Finally, there is no doubt that the US invasion and occupation of Iraq, Washington’s hegemonic policies in the Middle East, its support to Israel’s policy of occupation and persecution in the Palestinian territories and the disturbed conditions in Afghanistan have fanned the fires of extremism and militancy in the Muslim world including Pakistan. The briefing in the NSC recognised this problem but apparently failed to recommend any remedial measures. The situation calls for a reconsideration of our foreign policy to bring it in line with long-term national interests on the basis of a well thought-out grand strategy.
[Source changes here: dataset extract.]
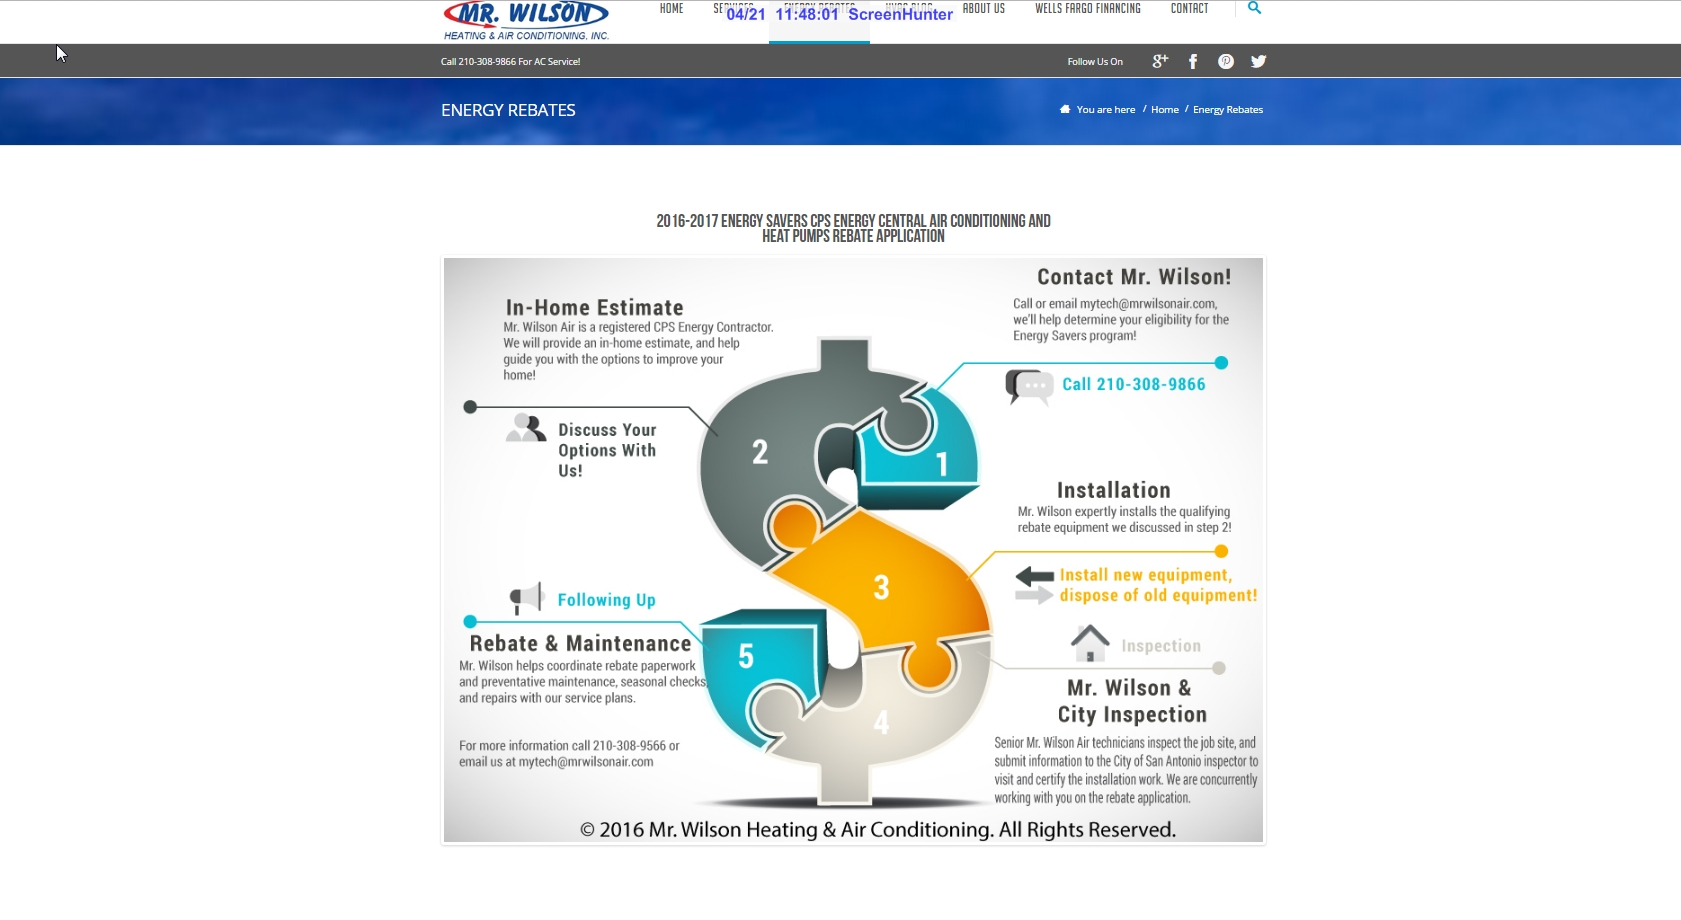 mccrossen marketing mr wilson air conditioning infographic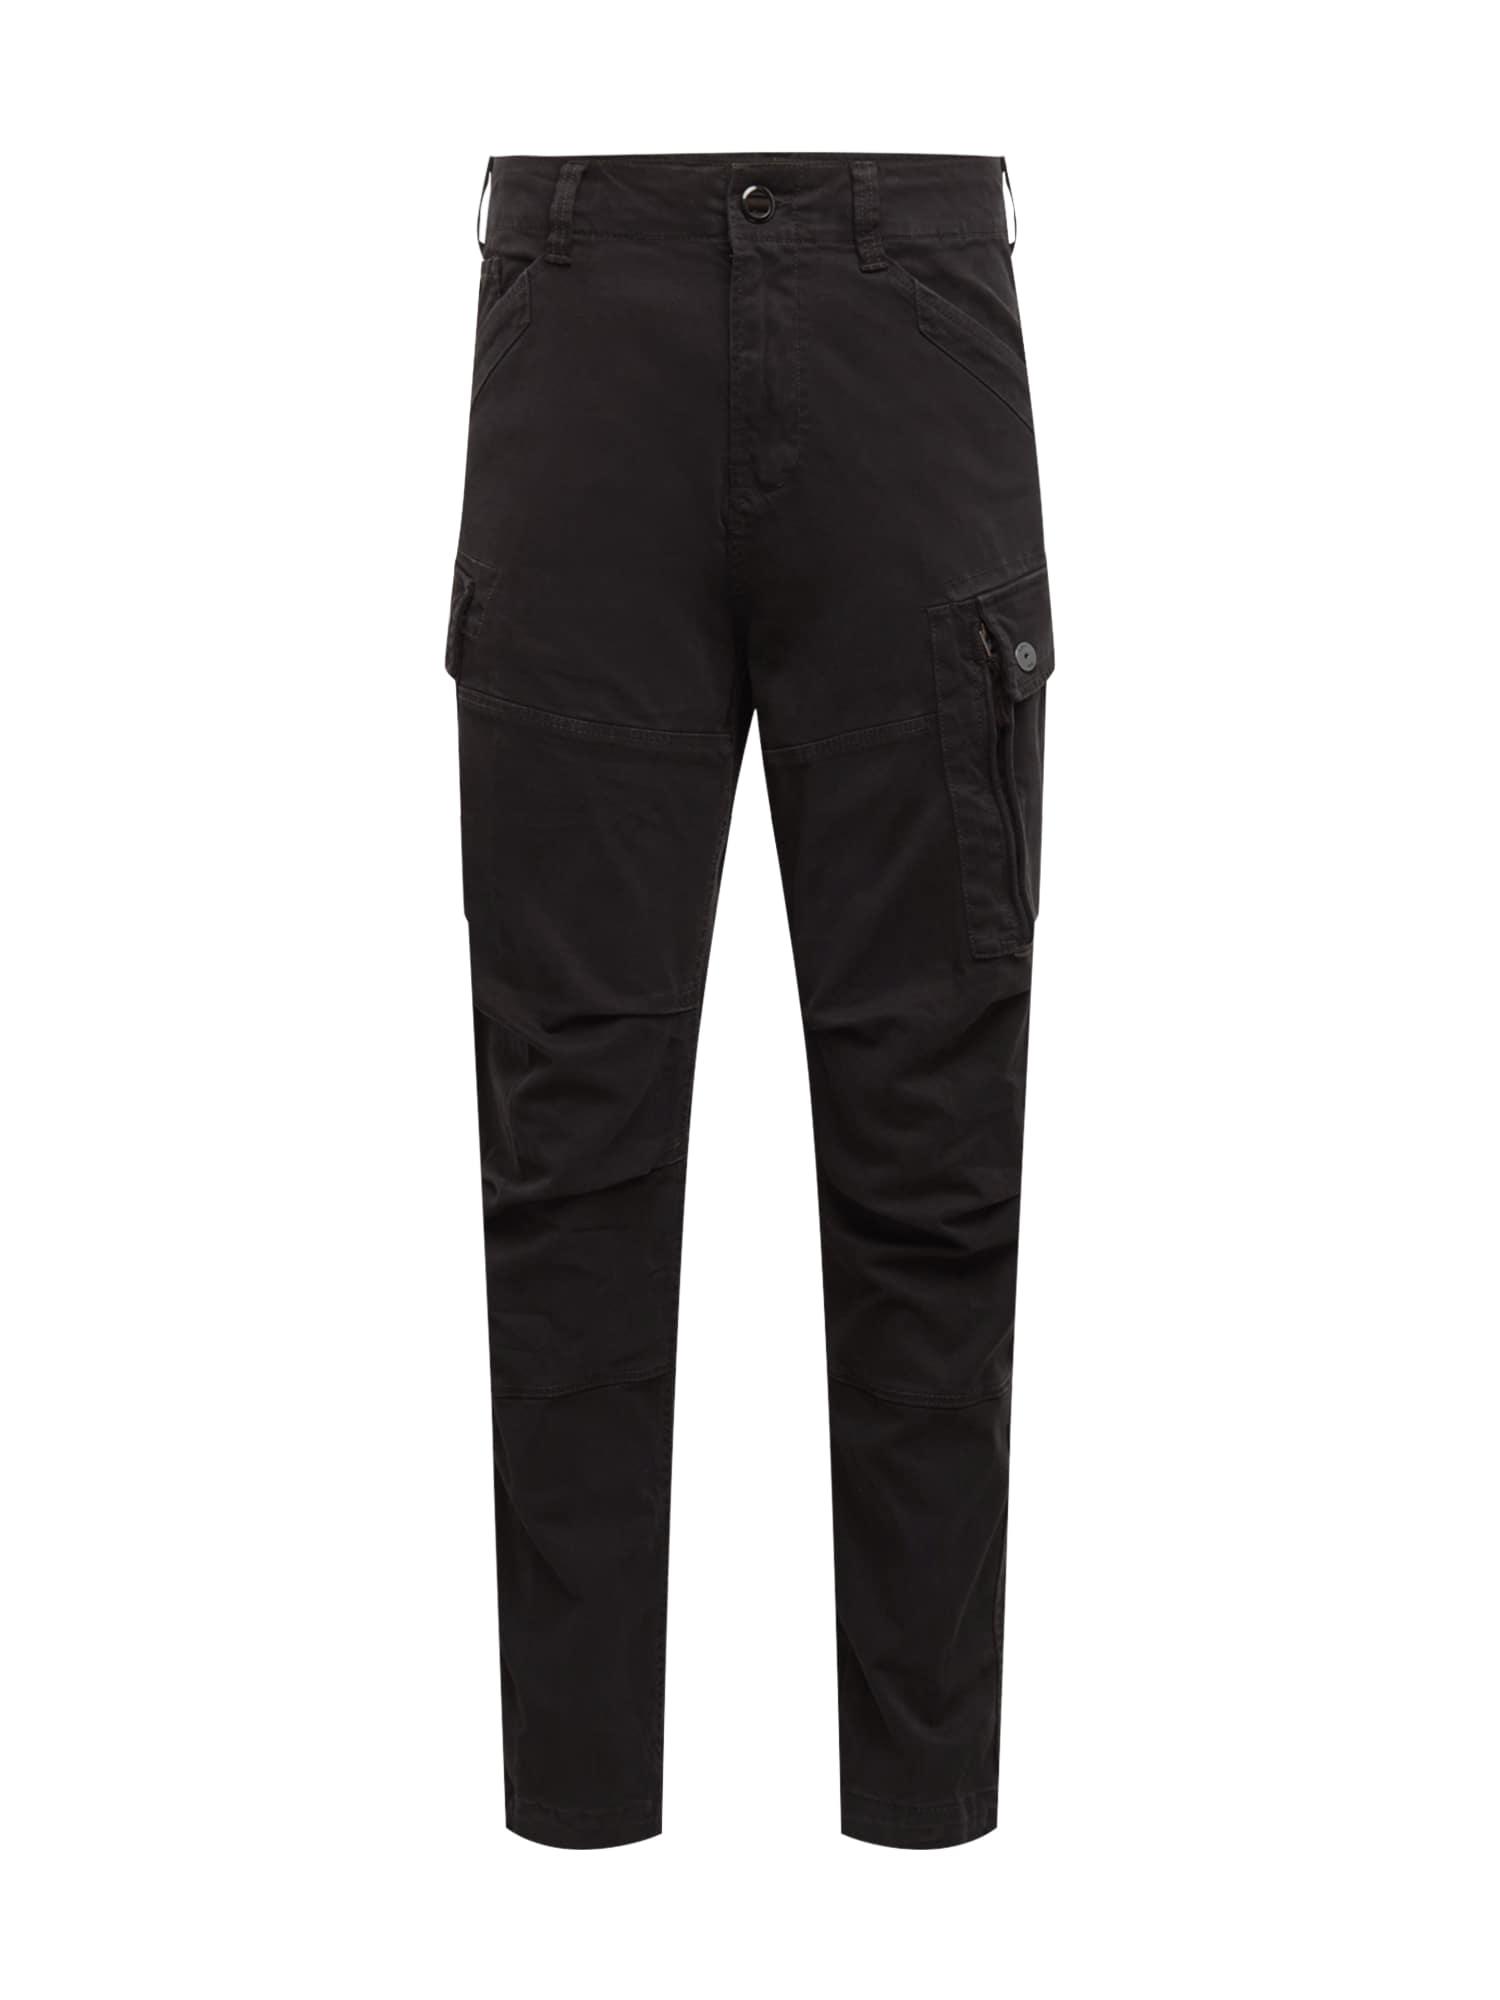 G-Star RAW Laisvo stiliaus kelnės

The limited space of this column does not allow the elaboration of the essential elements of such a grand strategy.
However, we must tell Washington in no uncertain terms that while we will continue to be a partner in the war on terror, the US has a corresponding obligation to eschew its own extremism and bias against the Muslims in dealing with issues of concern to them.
Further, since the fighting in Afghanistan has a direct fallout in Pakistan, especially in its tribal areas, in the form of increased militancy, we should also call for the restoration of peace and harmony through a process of national reconciliation and an agreed power-sharing formula among the various political forces in Afghanistan, leading to the withdrawal foreign forces from there as soon as possible.
It should be obvious by now that the coalition forces, that are seen as occupation forces by many in Afghanistan, have themselves become the problem rather than the solution as regards insecurity in that country.
The writer is a former ambassador.
Email: [email protected]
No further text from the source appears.